I'm not sure what you mean about Mayor Livingstone slowing the traffic down. Following the introduction of the congestion charge, car and bus journey times decreased while journey times in most other cities increased because of increasing congestion.

nb The alternative to 'increased traffic flow' of motorised vehicles isn't stationary traffic. It's modal shift and demand reduction, and stationary traffic is a temporary incentive to these ends. People stop using their cars when they can't get anywhere in them.
Thursday 9 March 2017 12.00pm
Rambling Phil wrote:
boroughonian wrote:
Wasn't it Livingstone that slowed the traffic down in the first place. I don't know how stationary traffic will mean a healthy city.
Subways are the future (ahem).

I'm not sure what you mean about Mayor Livingstone slowing the traffic down. Following the introduction of the congestion charge, car and bus journey times decreased while journey times in most other cities increased because of increasing congestion.
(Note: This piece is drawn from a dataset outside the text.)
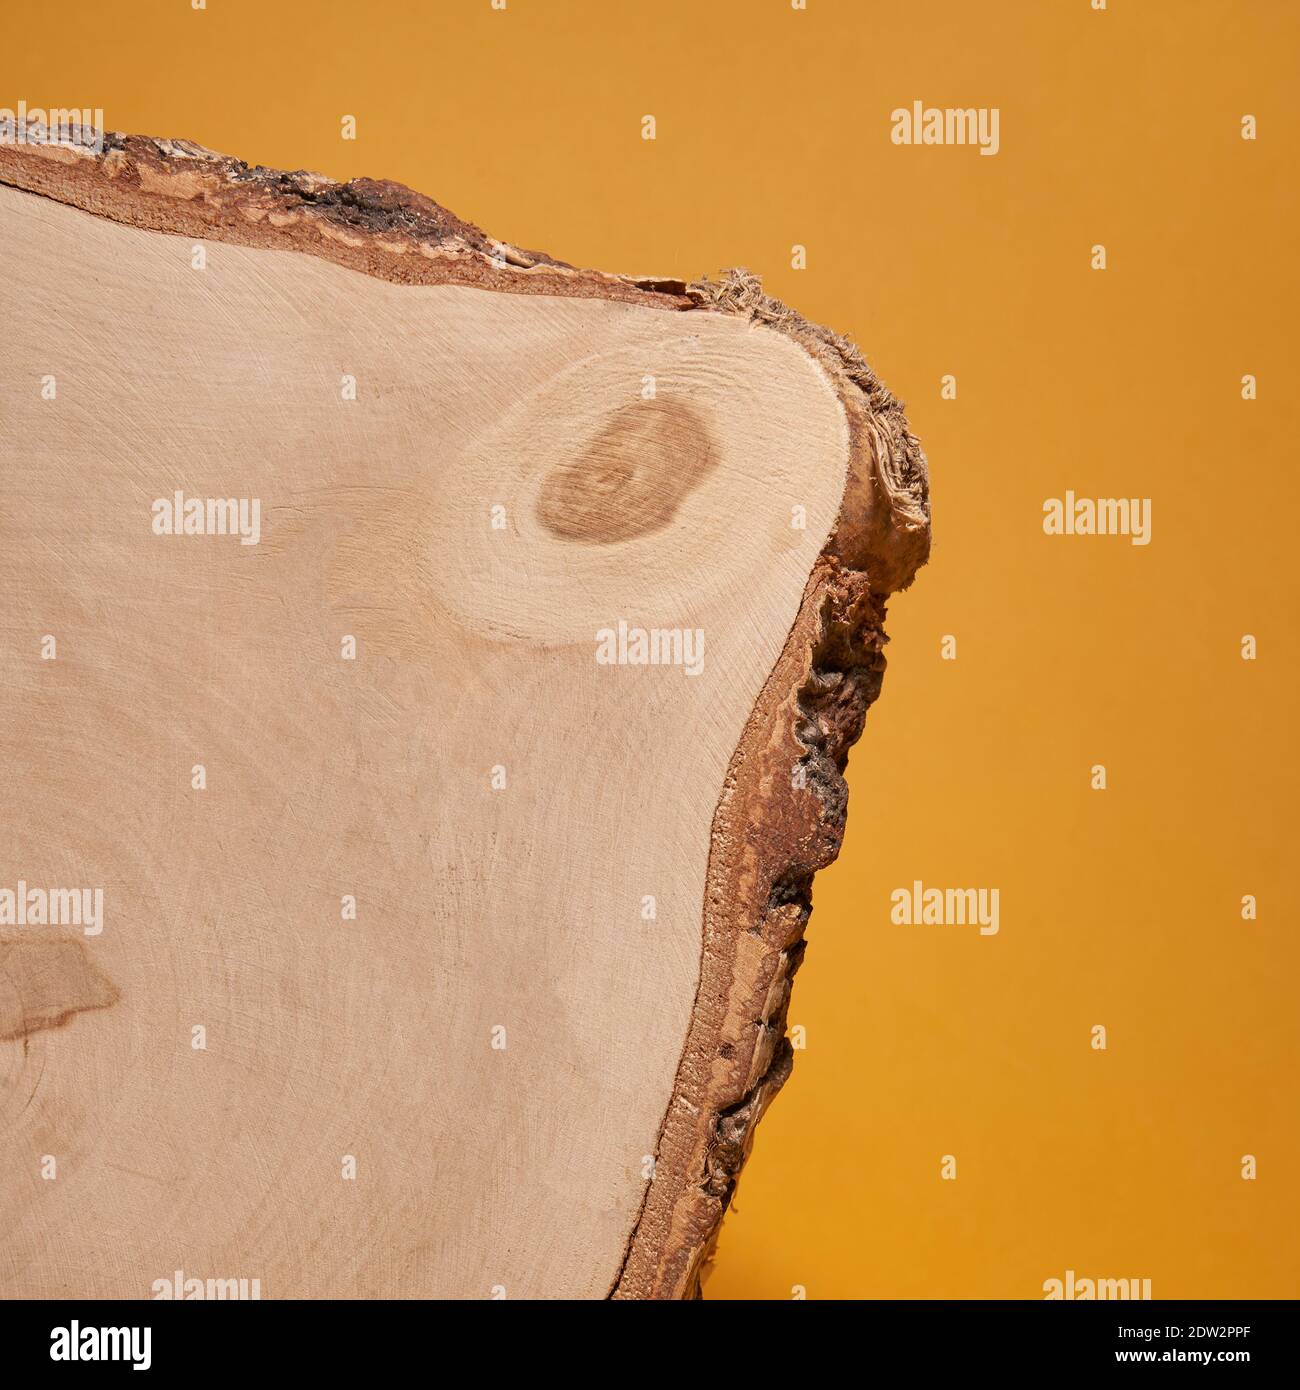 Schneiden Sie Birke Textur auf einem hellen gelben Hintergrund, natürliche Materialien, Platz für Ihr Produkt. Hochwertige Fotos Stockfoto

nb The alternative to 'increased traffic flow' of motorised vehicles isn't stationary traffic. It's modal shift and demand reduction, and stationary traffic is a temporary incentive to these ends. People stop using their cars when they can't get anywhere in them.

Purely anecdotal on my part, but I wasn't the only one complaining about the red light position on traffic lights lasting for a lot longer all of a sudden, I remember that being quite a topic on LBC at the time.

No, modal shift, by it's very description creates stationary traffic. The reason pollution increases is because traffic isn't moving enough, that's a fact.
The deterrent argument doesn't hold with me either, it's not working. I walked down Webber st all of my life, I now do so to get to work, the stationary traffic is unprecedented, it's backed up from Blackfriars rd to King James street every single morning.

There was once a bus lane in Blackfriars rd, now they are a joke, no way would I mess about with buses if I had to get to Farringdon or Walworth rd, is that the kind of deterrent you mean? They don't hardly move anymore and spew out the most rotten crap fpr our kids to breathe in.